Notably, biallelic germline mutations in SPRTN have caused Ruijs–Aalfs syndrome, a human autosomal recessive disorder characterized by genomic instability and early-onset hepatocellular carcinoma [105]. Also, SPRTN insufficiency in mice recapitulated some of the characteristics of human patients with Ruijs–Aalfs syndrome, such as chromosomal instability, premature aging, and early-onset age-related phenotypes [17, 106]. In vivo studies revealed that SPRTN-deficient cells are hypersensitive to treatment with DPC-inducing agents, are defective in removing DPCs, and accumulate nonspecific and TOP-involved DPCs in vivo due to defective protease activity [14,15,16,17,18]. In vitro biochemical assays further proved that SPRTN is a protease that can degrade histones, TOP, and itself in a DNA-dependent manner [14,15,16,17,18]. Studies also suggested that SPRTN travels with the replication fork and removes DPCs depending on the presence of DNA replication [16, 91]. Furthermore, the protease activity of SPRTN is tightly regulated with a switch that depends on its DNA binding, ubiquitination, and autocleavage [14,15,16,17,18]. Both single- and double-stranded DNA can activate the protease activity of SPRTN, with single-stranded DNA being more effective [14,15,16, 107]. SPRTN can be monoubiquitinated, but only unmodified SPRTN binds to chromatin [15]. Therefore, investigators proposed that DPCs somehow cause SPRTN deubiquitination, which promotes the binding of SPRTN to DNA and its activation [15]. Researchers have also observed autocleavage of SPRTN, which they proposed to be a mechanism of its tight regulation and prevention of unnecessary degradation of proteins other than DPCs on chromatin [14,15,16, 107]. Whether some or all of these mechanisms are involved in the regulation of SPRTN function remains to be determined.

Structure analysis showed that the catalytic centers of Wss1 and SPRTN are highly solvent-exposed and lack a substrate-binding cleft, which can explain the lack of specificity of their activity [15, 107, 108]. A recent study reported that SPRTN can degrade nonubiquitylated DPCs [92]. Thus, how SPRTN acts with VCP/p97 segregase and/or proteasomes must be investigated further.

A more recent study proposed that acidic repeat-containing (ACRC) protein is an SPRTN-related protease [41]. It contains a conserved catalytic domain just as those in Wss1 and SPRTN and is in proximity to SPRTN based on phylogenetic analysis results [41]. In a comprehensive proteomic profiling study aimed at characterizing SUMOylation response to DPC induction in human cells, researchers showed that ACRC protein interacted with a polySUMO chain and could be recruited to FA-induced foci, which was dependent on SUMOylation [109]. In addition, in Caenorhabditis elegans, the ACRC protein ortholog germ cell nuclear antigen (GCNA)-1 promoted survival after DPC induction [109]. Determining whether ACRC protein and GCNA-1 function as proteases in proteolysis of DPCs in vivo and how they may interplay with Wss1 and SPRTN requires further experimentation.

Even after proteolysis by a proteasome or Wss1/SPRTN, DPCs are not fully removed from DNA strands [91]. Small peptides are left covalently bound to the DNA, which can be further processed by NER, HR, or TDP1/TDP2. In addition, bypass of peptide-DNA conjugates may rely on the translesion synthesis pathway [91].

Conclusions

The finding of specific proteases such as Wss1 and SPRTN in direct proteolysis covalently bound proteins inspires the current working hypothesis that a specific DPC repair pathway exists in vivo.

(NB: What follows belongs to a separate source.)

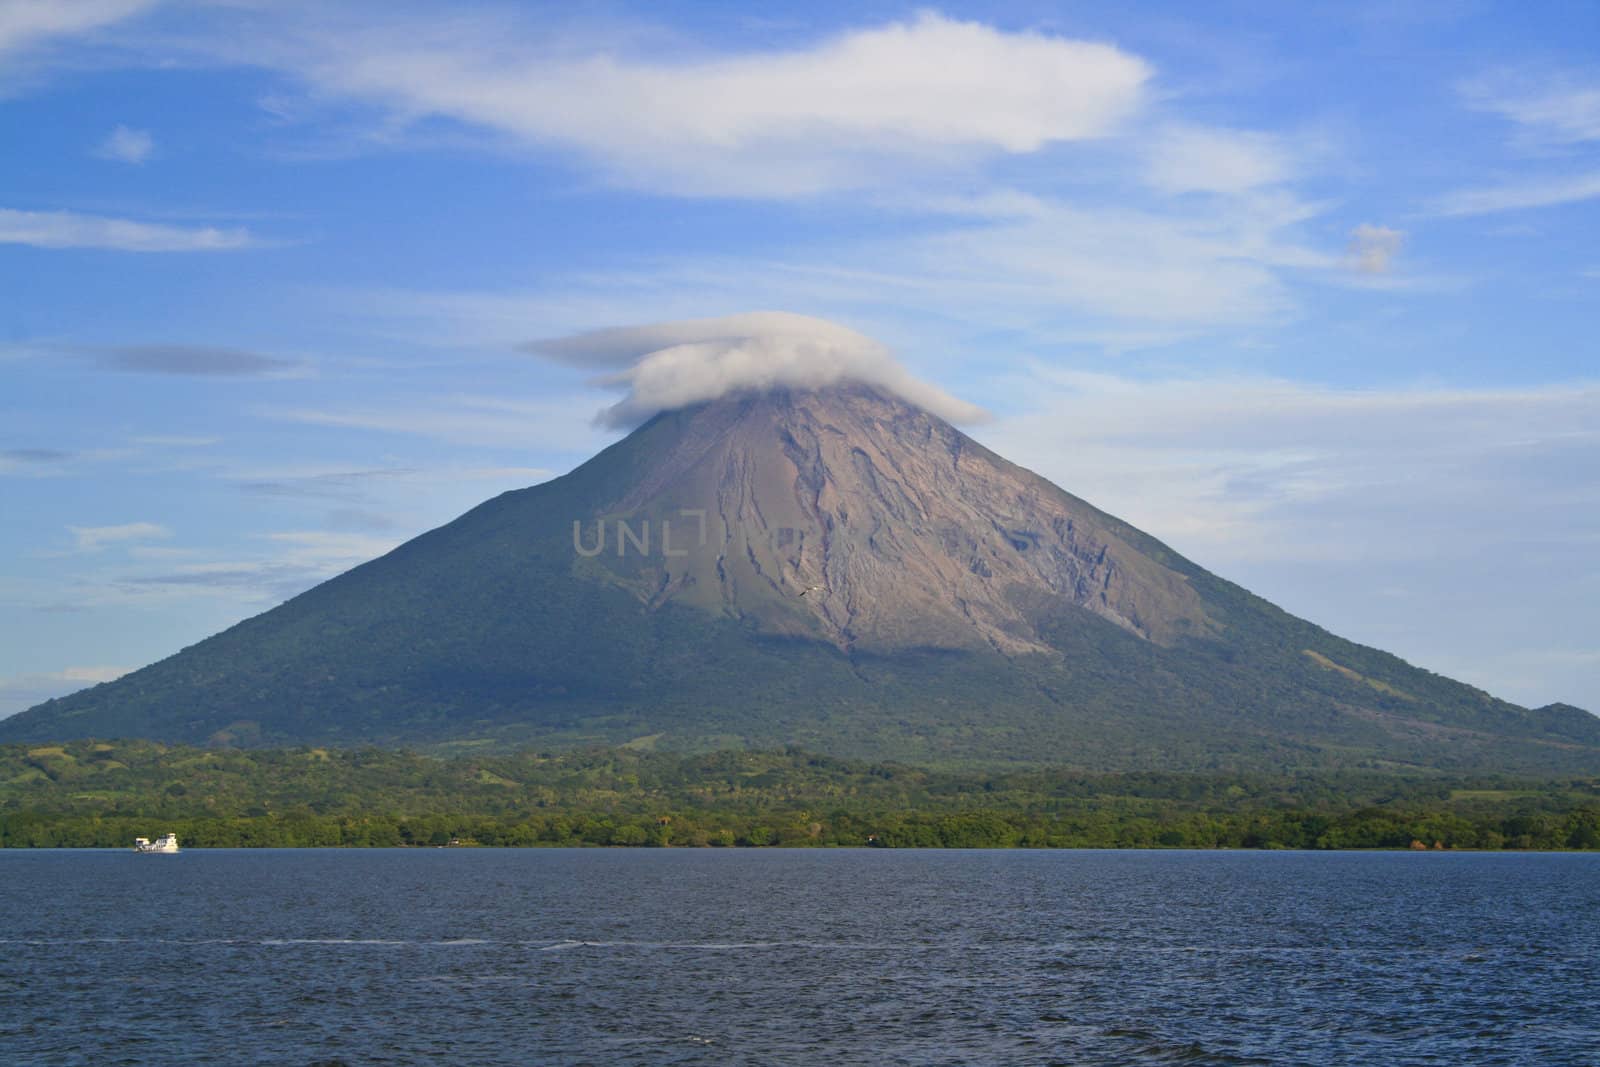 The volcano Concepción in Nicaragua

Insightful mechanistic studies of Wss1 and SPRTN may help uncover their “co-workers” in DPC repair and provide a comprehensive understanding of this specific DNA repair pathway. Questions remain about how cells choose different repair pathways, including NER, HR, TDP1/TDP2, proteasomes, and Wss1/SPRTN, for DPC repair and how these pathways may interplay with each other. Given the critical roles of DPC repair in the physiological setting as well as following treatment with many antitumor modalities, DPC repair is likely a meaningful target for cancer treatment, especially in combination with inhibition of other repair and/or checkpoint pathways.